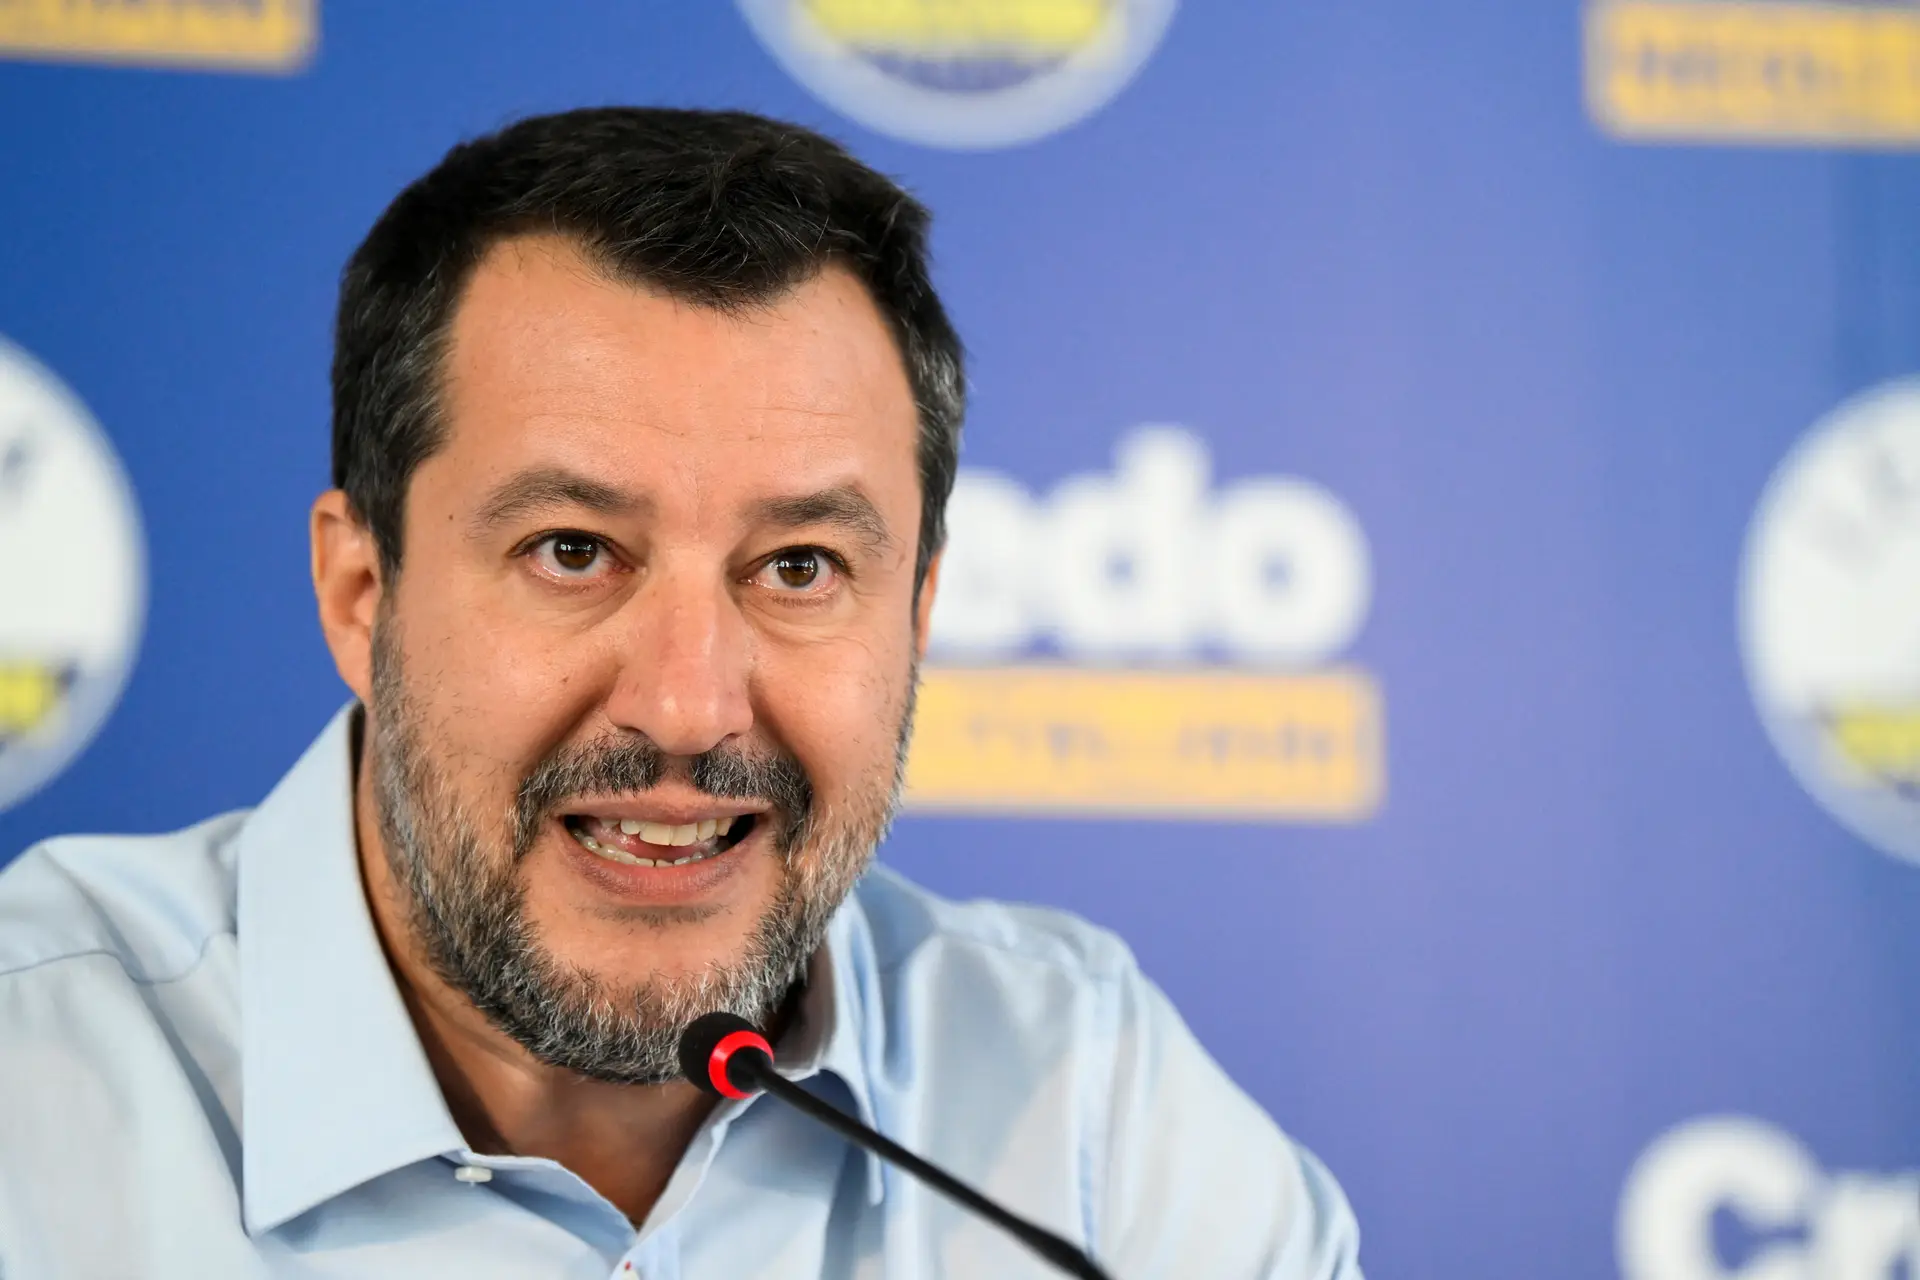 Partido italiano de Salvini escolhe candidato polémico para as eleições europeias
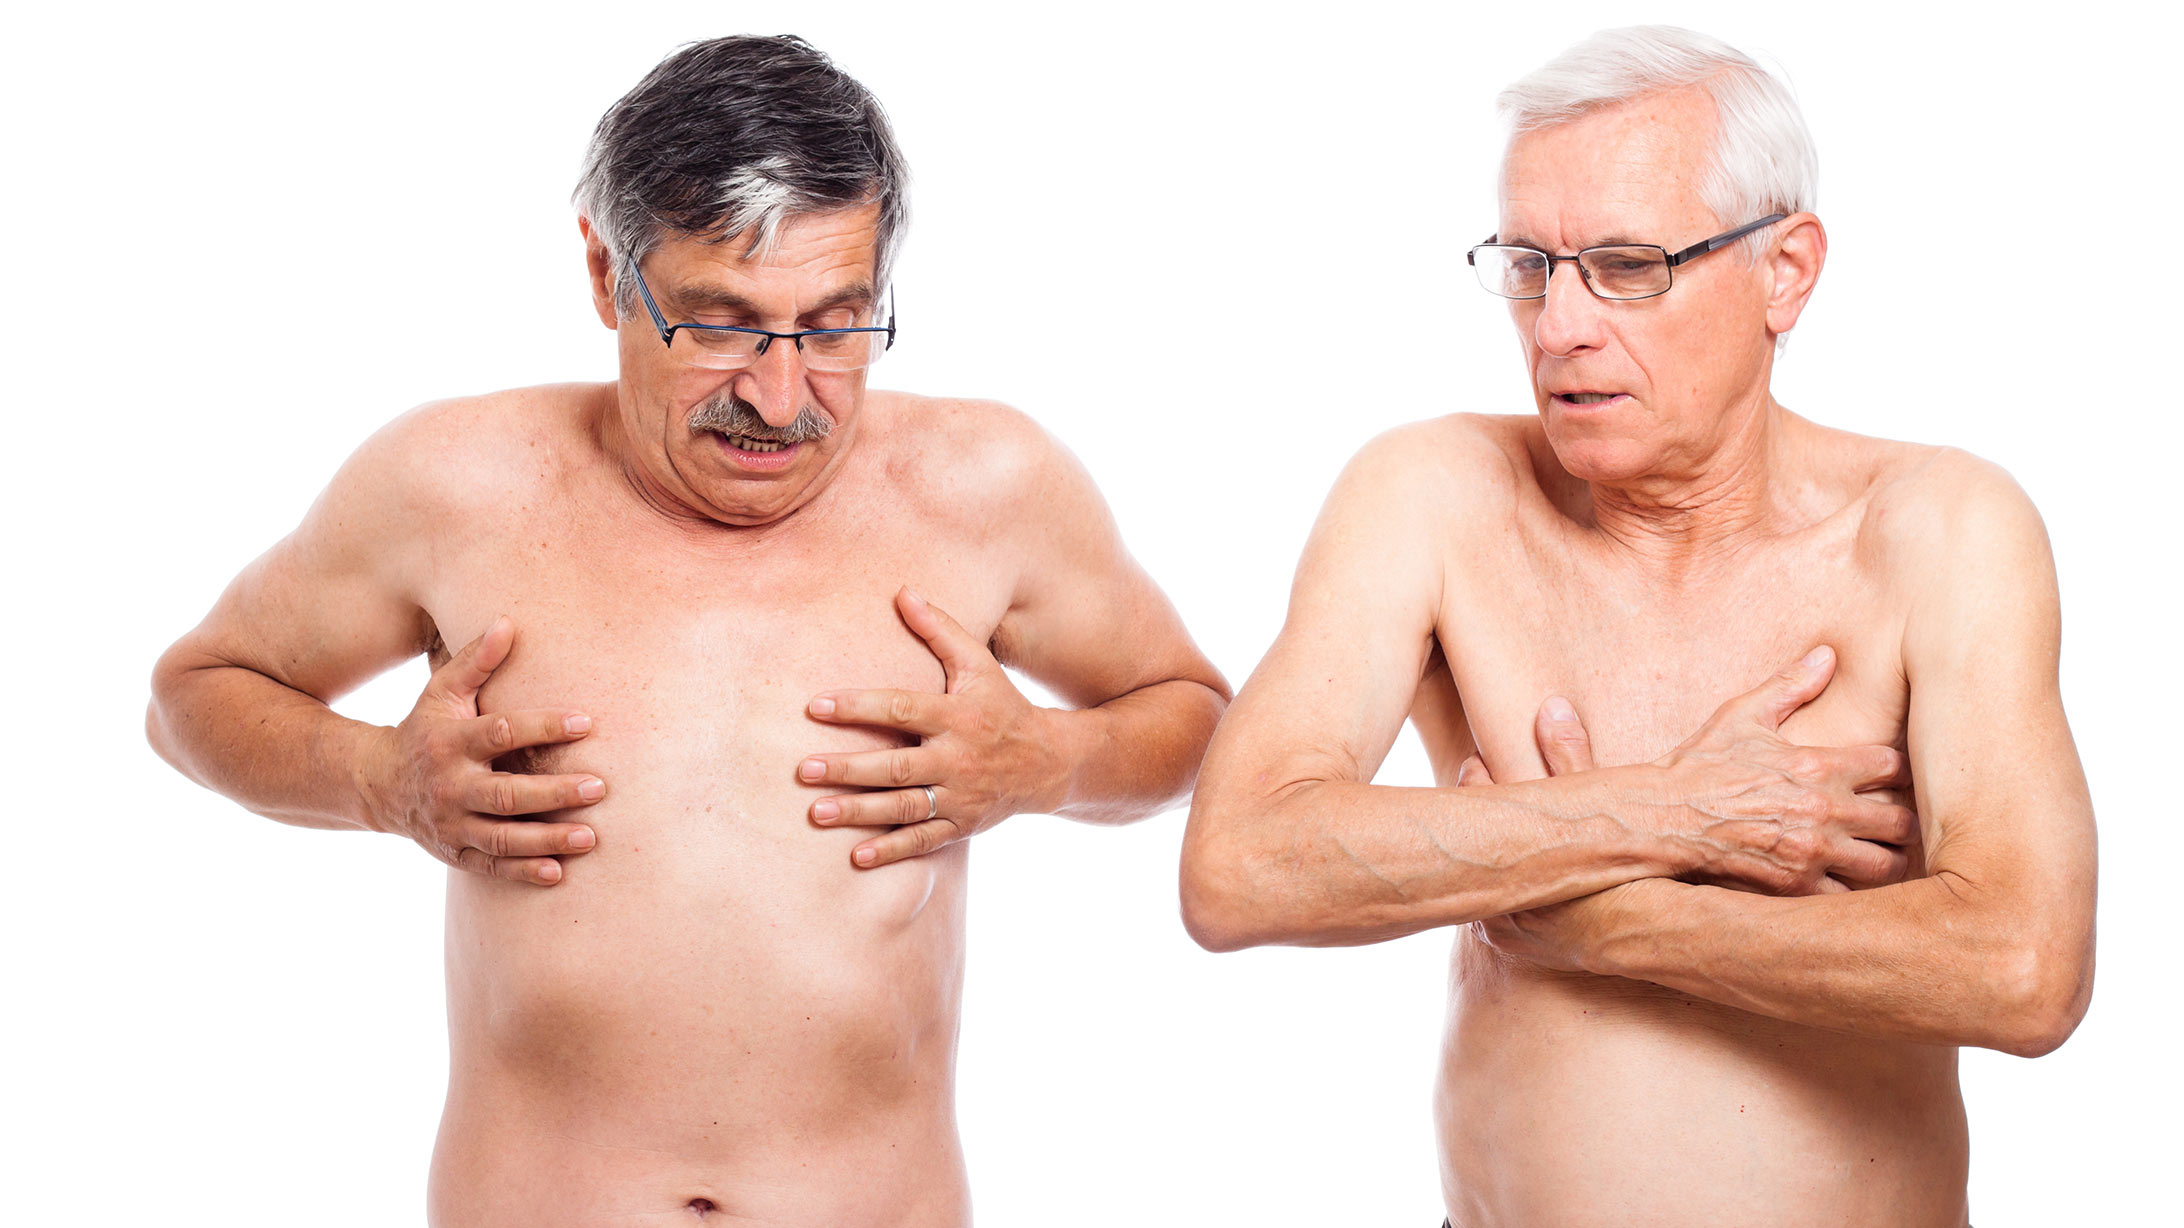 Brustkrebsrisiko: Zwei Männer verdecken ihre Brust mit den Händen
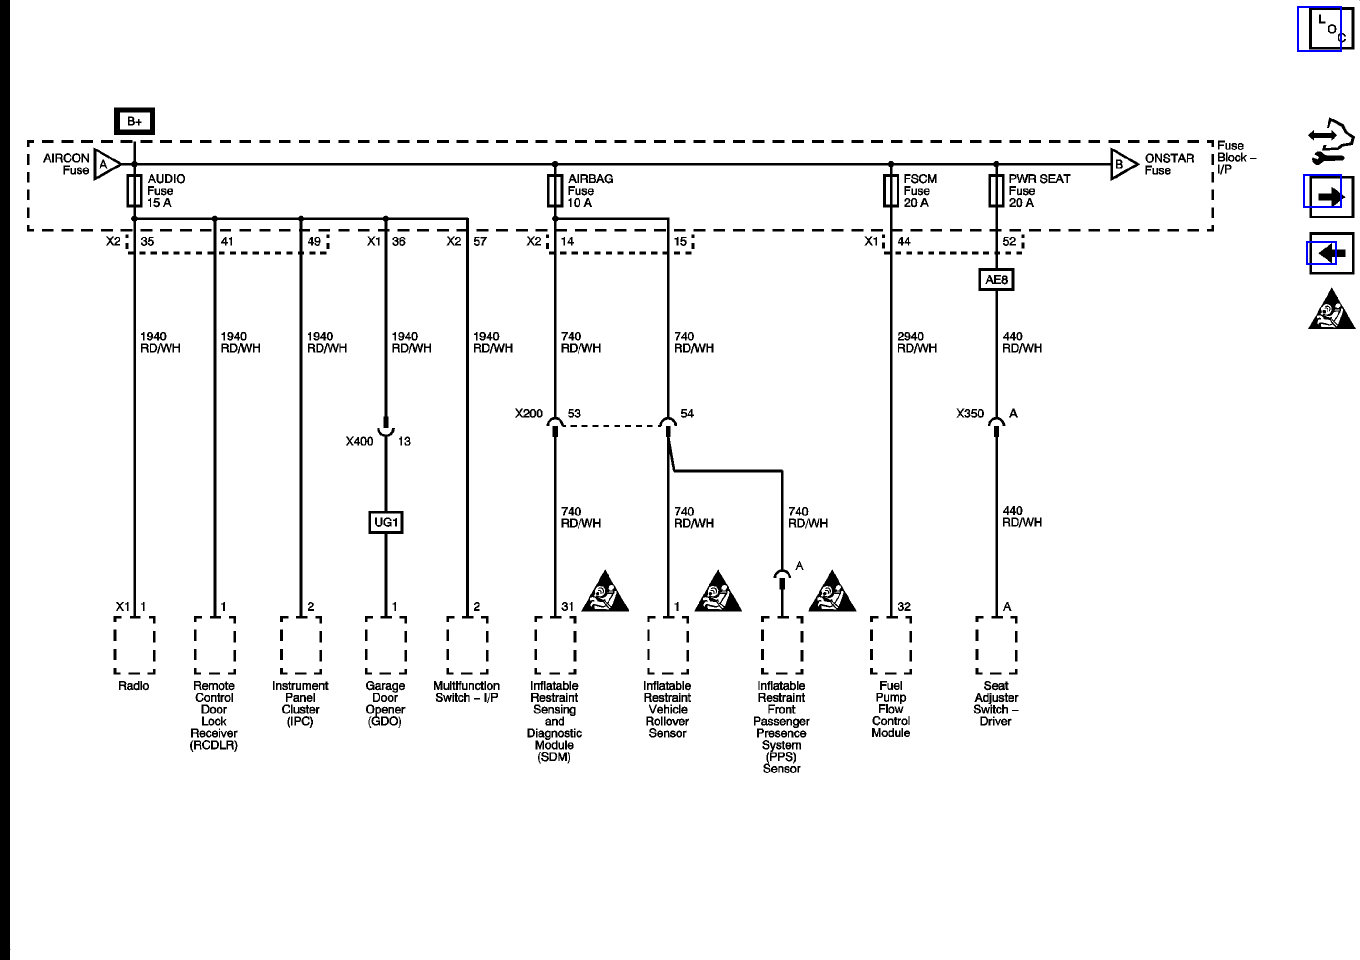 2003 Saturn Vue Engine Diagram

§ **The task**
Could the material above be written out again word for word, with the pictures dropped?

§ **Response to the task**
 Partido italiano de Salvini escolhe candidato polémico para as eleições europeias
 Brustkrebsrisiko: Zwei Männer verdecken ihre Brust mit den Händen
 2003 Saturn Vue Engine Diagram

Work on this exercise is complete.